Der Expertenkreis des VDI – Fachleute aus Unfallforschung, Industrie und Hochschule – empfiehlt daher eine Vielzahl von Ansätzen parallel zu verfolgen. So sollten bei der Umgestaltung von Infrastruktur besonders innerorts grundsätzlich Unfallforscher zurate gezogen werden, um die Entstehung künftiger Gefahrenherde zu vermeiden. Erziehung und Aufklärung von Verkehrsteilnehmern sollte verstärkt werden, um neue Gefahren wie etwa durch demographischen Wandel und mobile Internetnutzung zu adressieren.
Besonderes Augenmerk verdient der Trend zu den sogenannten Pedelecs (oder E-Bikes), mit denen auch Untrainierte deutlich höhere Geschwindigkeiten erreichen als normale Radfahrer, und deren Fahrer schwerer verunglücken, aber sich nicht besser schützen als Radfahrer. Die zunehmende Beliebtheit dieser Fahrzeuge lässt einen künftigen Anstieg an tödlichen Unfällen befürchten.

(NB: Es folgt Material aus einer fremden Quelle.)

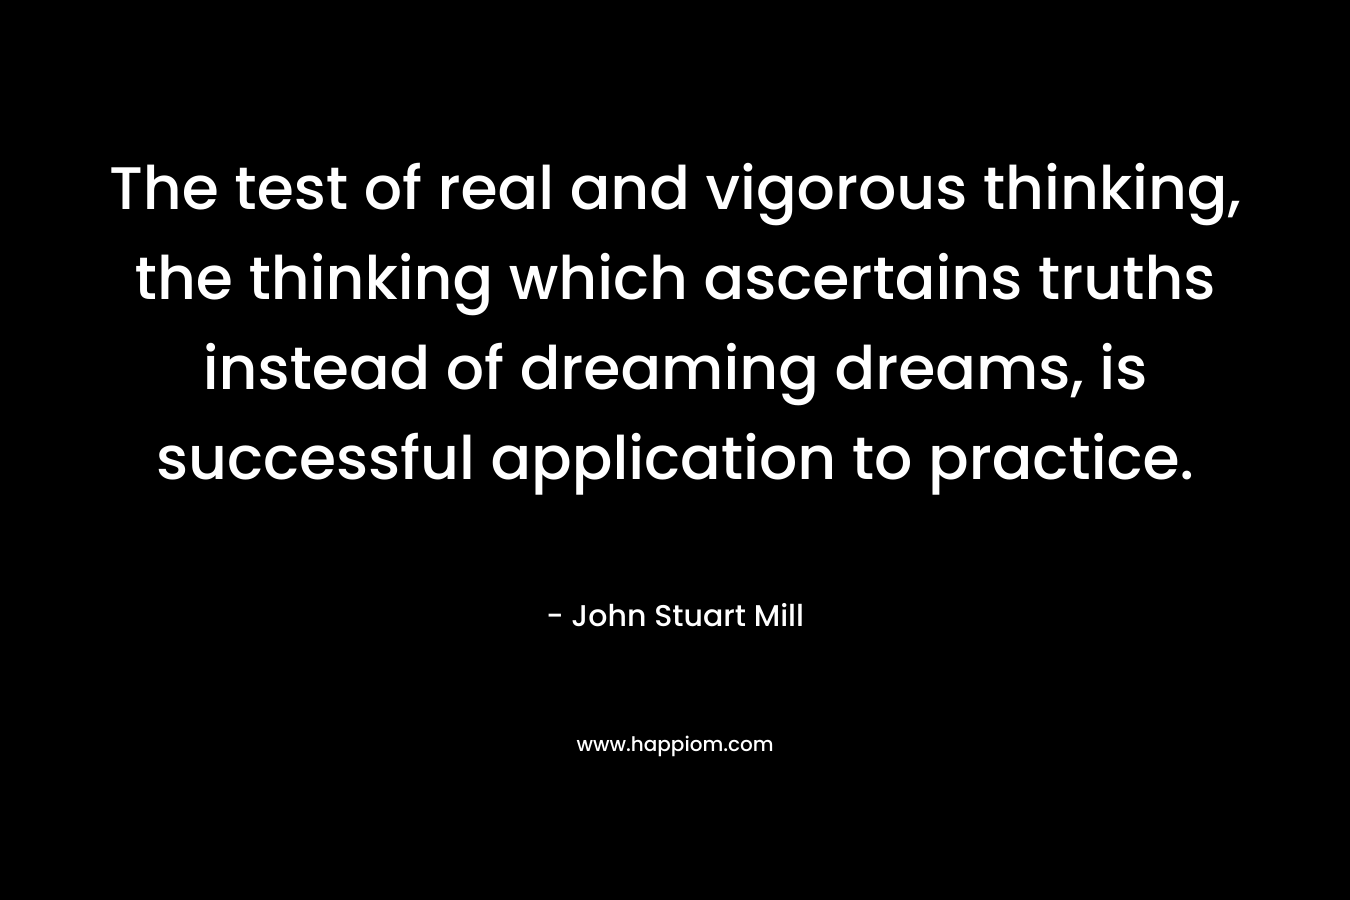 The test of real and vigorous thinking, the thinking which ascertains truths instead of dreaming dreams, is successful application to practice.

Auch bei den Nutzfahrzeugen sind noch ungenutzte Potenziale zum Schutz schwächerer Verkehrsteilnehmer zu heben, etwa bei der Überwachung des toten Winkels. Immerhin jeder vierte Verkehrstote stirbt bei einem Unfall, an dem ein Nutzfahrzeug beteiligt ist. Fahrerassistenzsysteme im Nutzfahrzeug könnten durch entsprechende gesetzliche Vorgaben wegen der überwiegend kürzeren Haltedauer relativ rasch auf die Straße gebracht werden, müssen allerdings auf die Bedürfnisse der Berufskraftfahrer ausgelegt sein, forderten die VDI-Experten.